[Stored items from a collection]
______

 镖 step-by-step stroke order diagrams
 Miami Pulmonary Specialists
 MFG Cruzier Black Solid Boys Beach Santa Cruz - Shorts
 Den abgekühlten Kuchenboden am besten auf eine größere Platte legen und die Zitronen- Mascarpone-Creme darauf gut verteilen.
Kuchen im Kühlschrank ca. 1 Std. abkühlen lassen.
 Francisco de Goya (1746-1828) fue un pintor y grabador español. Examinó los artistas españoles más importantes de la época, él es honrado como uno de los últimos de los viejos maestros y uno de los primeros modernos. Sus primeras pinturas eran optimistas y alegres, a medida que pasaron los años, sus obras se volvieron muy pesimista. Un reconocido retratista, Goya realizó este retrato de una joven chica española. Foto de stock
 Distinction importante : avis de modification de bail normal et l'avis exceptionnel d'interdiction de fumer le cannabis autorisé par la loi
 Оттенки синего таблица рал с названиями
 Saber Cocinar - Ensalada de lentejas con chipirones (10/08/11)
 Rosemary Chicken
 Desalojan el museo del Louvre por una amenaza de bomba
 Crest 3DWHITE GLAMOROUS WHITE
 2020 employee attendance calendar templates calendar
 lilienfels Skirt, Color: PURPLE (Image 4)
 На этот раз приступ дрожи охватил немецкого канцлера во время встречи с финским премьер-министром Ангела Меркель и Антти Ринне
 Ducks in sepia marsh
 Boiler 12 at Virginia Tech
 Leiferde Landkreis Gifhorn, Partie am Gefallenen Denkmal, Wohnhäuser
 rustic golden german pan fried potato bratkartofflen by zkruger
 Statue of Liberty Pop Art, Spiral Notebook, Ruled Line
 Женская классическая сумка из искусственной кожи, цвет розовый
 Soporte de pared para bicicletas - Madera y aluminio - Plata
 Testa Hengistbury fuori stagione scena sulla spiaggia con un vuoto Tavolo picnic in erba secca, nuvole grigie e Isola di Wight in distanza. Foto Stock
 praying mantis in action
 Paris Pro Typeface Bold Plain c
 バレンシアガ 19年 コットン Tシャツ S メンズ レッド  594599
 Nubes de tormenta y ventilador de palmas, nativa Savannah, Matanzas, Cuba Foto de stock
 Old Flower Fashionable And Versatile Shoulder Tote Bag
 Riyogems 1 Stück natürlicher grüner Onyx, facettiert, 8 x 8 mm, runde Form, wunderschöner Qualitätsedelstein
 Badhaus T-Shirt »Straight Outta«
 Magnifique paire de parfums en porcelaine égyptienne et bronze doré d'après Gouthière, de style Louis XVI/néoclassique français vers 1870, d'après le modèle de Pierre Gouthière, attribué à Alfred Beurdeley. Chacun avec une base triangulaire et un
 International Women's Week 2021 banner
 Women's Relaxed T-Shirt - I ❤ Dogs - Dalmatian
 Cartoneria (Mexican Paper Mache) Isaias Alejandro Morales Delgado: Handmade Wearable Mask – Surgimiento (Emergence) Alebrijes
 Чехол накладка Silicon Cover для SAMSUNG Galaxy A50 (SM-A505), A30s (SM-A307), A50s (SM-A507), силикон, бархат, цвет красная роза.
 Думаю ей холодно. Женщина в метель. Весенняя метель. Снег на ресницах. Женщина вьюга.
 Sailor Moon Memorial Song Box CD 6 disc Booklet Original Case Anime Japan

______

PROBLEM:
Reproduce exactly the entries above, limited to the lines from the one with "Saber Cocinar - Ensalada" through the one with "Magnifique paire de", both included.

ANSWER TO THE PROBLEM:
 Saber Cocinar - Ensalada de lentejas con chipirones (10/08/11)
 Rosemary Chicken
 Desalojan el museo del Louvre por una amenaza de bomba
 Crest 3DWHITE GLAMOROUS WHITE
 2020 employee attendance calendar templates calendar
 lilienfels Skirt, Color: PURPLE (Image 4)
 На этот раз приступ дрожи охватил немецкого канцлера во время встречи с финским премьер-министром Ангела Меркель и Антти Ринне
 Ducks in sepia marsh
 Boiler 12 at Virginia Tech
 Leiferde Landkreis Gifhorn, Partie am Gefallenen Denkmal, Wohnhäuser
 rustic golden german pan fried potato bratkartofflen by zkruger
 Statue of Liberty Pop Art, Spiral Notebook, Ruled Line
 Женская классическая сумка из искусственной кожи, цвет розовый
 Soporte de pared para bicicletas - Madera y aluminio - Plata
 Testa Hengistbury fuori stagione scena sulla spiaggia con un vuoto Tavolo picnic in erba secca, nuvole grigie e Isola di Wight in distanza. Foto Stock
 praying mantis in action
 Paris Pro Typeface Bold Plain c
 バレンシアガ 19年 コットン Tシャツ S メンズ レッド  594599
 Nubes de tormenta y ventilador de palmas, nativa Savannah, Matanzas, Cuba Foto de stock
 Old Flower Fashionable And Versatile Shoulder Tote Bag
 Riyogems 1 Stück natürlicher grüner Onyx, facettiert, 8 x 8 mm, runde Form, wunderschöner Qualitätsedelstein
 Badhaus T-Shirt »Straight Outta«
 Magnifique paire de parfums en porcelaine égyptienne et bronze doré d'après Gouthière, de style Louis XVI/néoclassique français vers 1870, d'après le modèle de Pierre Gouthière, attribué à Alfred Beurdeley. Chacun avec une base triangulaire et un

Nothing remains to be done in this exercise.